Crustaphytum

Scientific classification
- Domain: Eukaryota
- Clade: Archaeplastida
- Division: Rhodophyta
- Class: Florideophyceae
- Order: Corallinales
- Family: Hapalidiaceae
- Subfamily: Melobesioideae
- Genus: Crustaphytum L.-C.Liu &S.-M.Lin, 2018
- Species: Crustaphytum atlanticum Jesionek, Bahia & Amado-Filho ; Crustaphytum pacificum L.-C.Liu & S.-M.Lin ;

= Crustaphytum =

Genus of algae

Crustaphytum is a genus of red alga first discovered in Taoyuan algal reefs by Taiwanese scientists. The epithet “crusta” refers to crustose thallus and “phytum” refers to plant. Belonging to the family Hapalidiaceae in the order Hapalidiales, Crustaphytum is one kind of crustose coralline algae (also known as non-geniculate coralline algae).

==Life cycle==
Crustaphytum goes through the triphasic life cycle, a character of the phylum Rhodophyta, and all of its reproductive structures are protected by specialized conceptacles, sac-like structures that are situated in the receptacle. The triphasic life cycle alternates between haploid gametophytes, diploid carposporophytes, and diploid tetrasporophytes. Starting from gametophytes, both male and female gametes grow in conceptacles on the surface of the algal body (thalli). Male gametes then mature and are released through the cystic pore, entering the carpogonia and fertilize with female gametes. Afterwards, carposporophytes grow on the female gametophytes. Carpospores are produced and released when mature, developing into tetrasporophytes. Subsequently, four tetraspores are released from each conceptacle on the surface of the tetrasporophytes. As long as the tetraspores encounter suitable conditions, they will germinate and grow into gametophytes, completing a triphasic life cycle.

==Morphology==
The algal body is monomerous and non-geniculate, consisting of thin and shell-like calcified leaflets (about 4 to 10 cm long and 3 to 5 cm wide), which can be irregularly fragmented or oval shaped. The dorsal surfaces of the calcified thalli are dark purple or dark red due to 5-10 layers or more of cortical cells containing photosynthetic pigments, and the ventral surfaces (towards the ground) grow closely to the reef matrix or other calcified organisms. Therefore, when observing Crustaphytum algae in the field, one can see that the edges of the calcified leaflets are wavy rather than tightly attached to the hard matrix. The thickness of the algal body is about 100 to 300 μm, with 35 to 45 cell layers.

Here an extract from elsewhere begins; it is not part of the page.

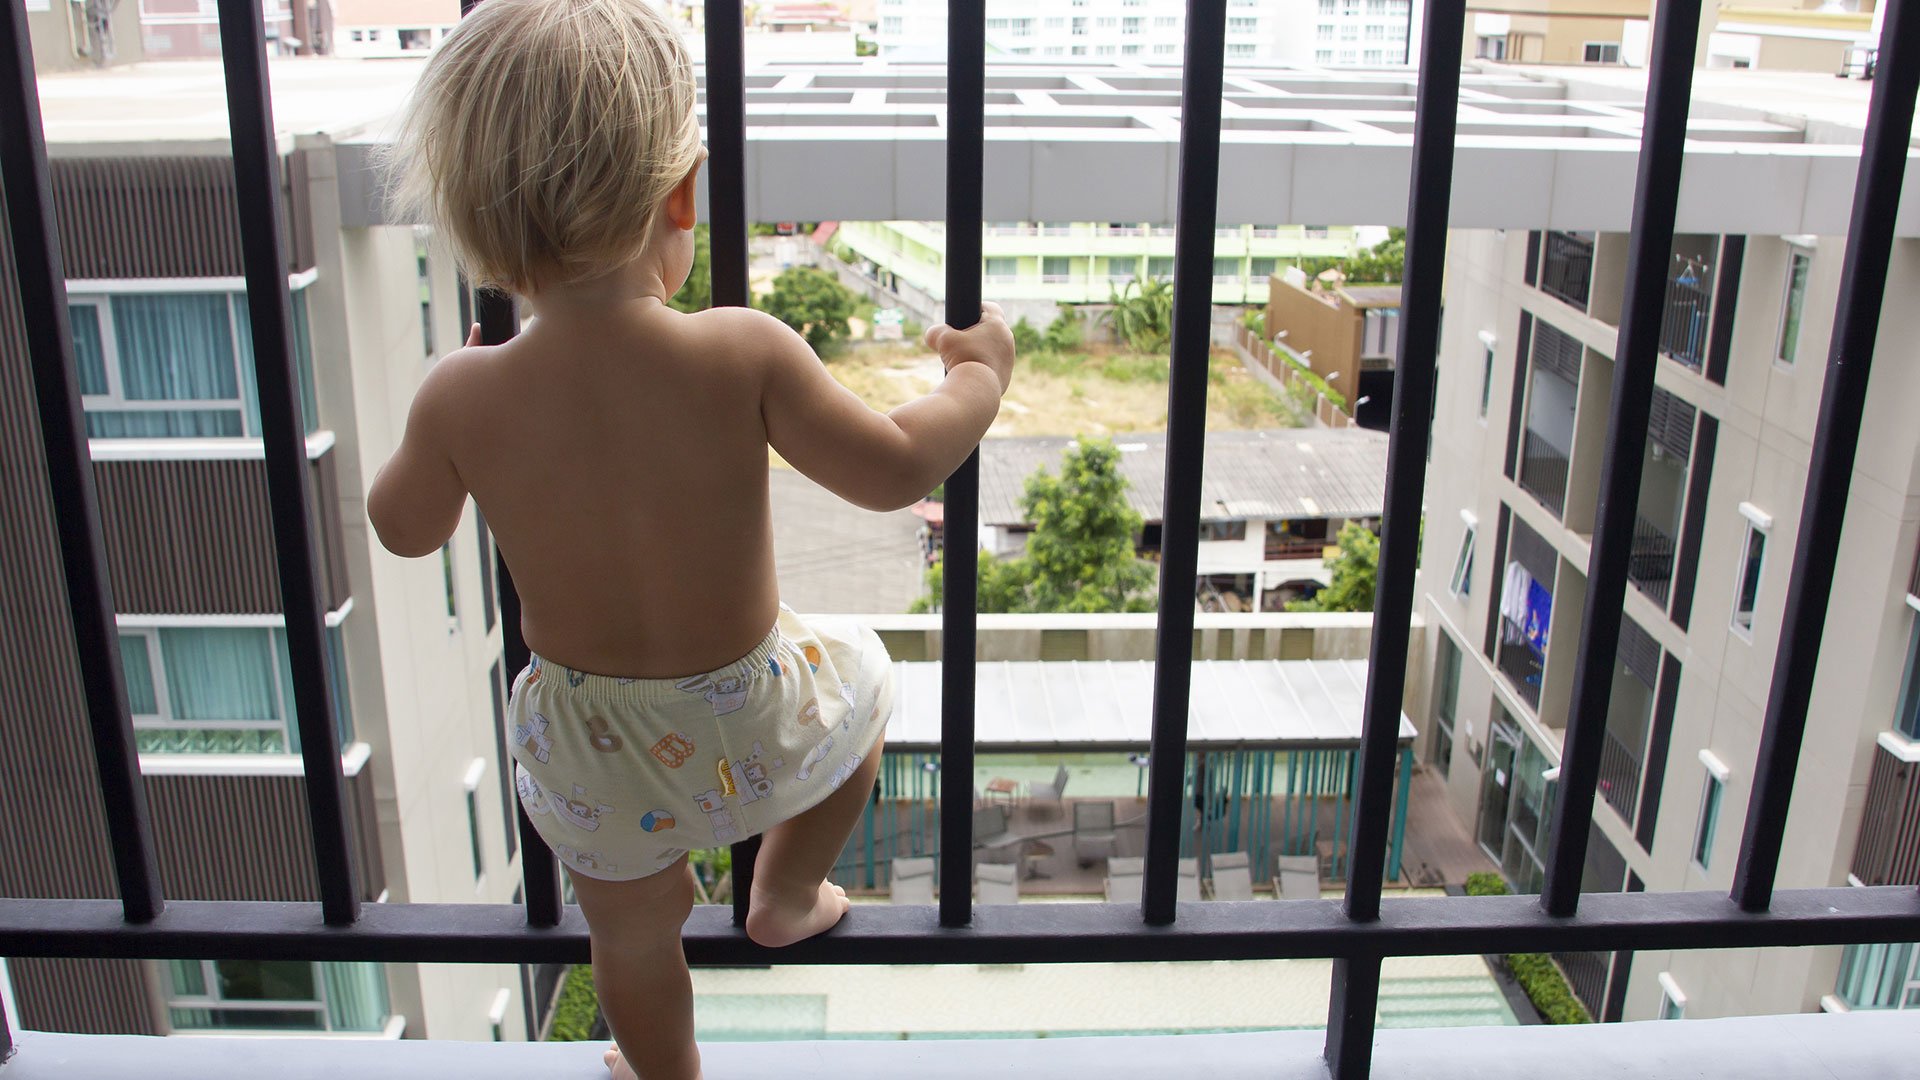 Balkon kindersicher machen: So funktioniert's!

The appearance and size of the gametophyte and the tetrasporophyte look almost the same with naked eyes. To differentiate, on the one hand, one can observe the longitudinal section through mature thallus of the gametophyte. The area of medullary cells comprises approximately 70% of the thickness can be seen to grow radially from the coaxial core. Perithallial filaments in the dorsal region are composed of 7–10 celled layers, including one or two layers of epithelial cells and one layer of subepithallial cells. Calcified crystal filaments in the meristem region are also radially arranged, and cell fusion is commonly found between adjacent cells. On the other hand, the tetrasporophyte has porous cavities with flat-topped tetrasporangia protruding from the surface of the algal body, and the each cavity has multiple bands divided similar to the Chinese character "目". To sum up, Crustaphytum can be separated from other related genera mainly by possessing coaxial thallus and relatively small tetrasporangiate conceptacle chambers (130 to 155 μm high by 115 to 200 μm wide).

==Ecology==

===Distribution===
Crustaphytum prefers environments with higher nutrient salinity, higher sedimentation, and higher wave strength compared to corals. It mostly inhabits in lower intertidal zones attached to old algal reefs or pebbles, and sometimes it can be discovered in subtidal zones attached to rocks at 2–3 m depth. As of 2020, Crustaphytum pacificum has been recorded in northern Taiwan (mainly in Shimen and Taoyuan) and New Caledonia in southwestern Pacific Ocean. Crustaphytum atlanticum was discovered in southeastern Brazil.

===Ecological roles===
Crustaphytum plays many ecologically significant roles. When alive, it not only is an important producer of coastal regions but also uses the carbon dioxide released during calcification to produce glucose. Aside from that, the living algae can prevent the hard matrix from wave erosion, achieving the function of coastal protection. After death, it can form algal reefs, which creates habitat and provide shelter for many marine creatures.